Thank you for the advice. On inspection, I noticed that my event size (when I print bk_size(pevent)) is around 1.4 billion 
which seems absurd so I am not sure why this is the case as well. In addition, is mdump the way to monitor the bank header?
I just recently started using MIDAS so I am a little bit confused. I can attach a link to the github repository where I am 
currently working on this for further clarity since I am sure there is an issue in my code somewhere. 
(https://github.com/mgandhi-1/red-pitaya-frontend/blob/10-issue-with-bank-creation-neeed-to-figure-out-why-banks-are-not-
being-created-correctly/frontend.cxx)

I appreciate the help. Thank you once more.

Best, 
Mann
  2894   14 Nov 2024 Stefan RittSuggestionIssue with creating banks
All I can see is that your bank header gets corrupted along the way. The funny character reported by 
cm_write_event_to_odb indicates that your original name "RPD0" got overwritten somewhere, but I could not spot any 
mistake in your code. 

I would play around: change max_event_size, produce dummy data of size N instead of the recv() and so on. Also monitor 
the bank header to see when it gets overwritten.
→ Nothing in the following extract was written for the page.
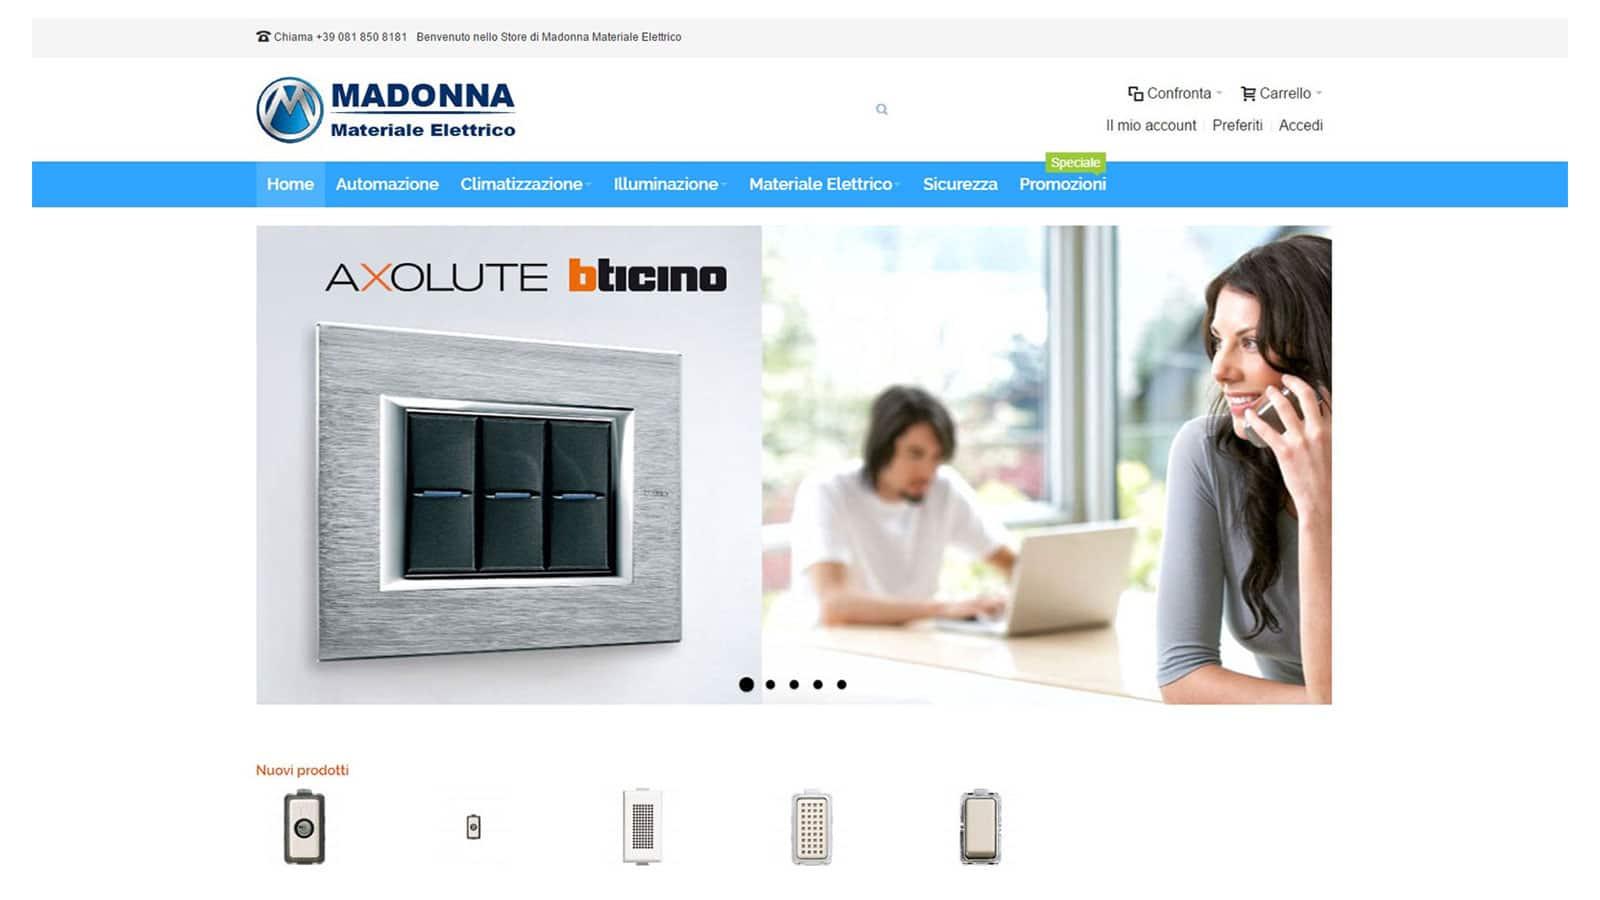 www.madonnastore.it

I guess you only write form one thread, so that should be safe, right?

Best,
Stefan
  2893   14 Nov 2024 Mann GandhiSuggestionIssue with creating banks
Hello, I am a coop student working at SNOLAB. I am currently setting up a frontend 
program to collect data for an experiment I am currently having with my bank being 
initialized correctly with the correct name. I will attach an image of the error and 
a code snippet for clarity. This is a multi-thread program using ring buffers. The 
first thread  is only responsible for data collection of ADC values from the Red 
Pitaya (FPGA) and the second thread does a simple derivative calculation. The 
frontend makes use of the TCP connection to stream data from the Red Pitaya. 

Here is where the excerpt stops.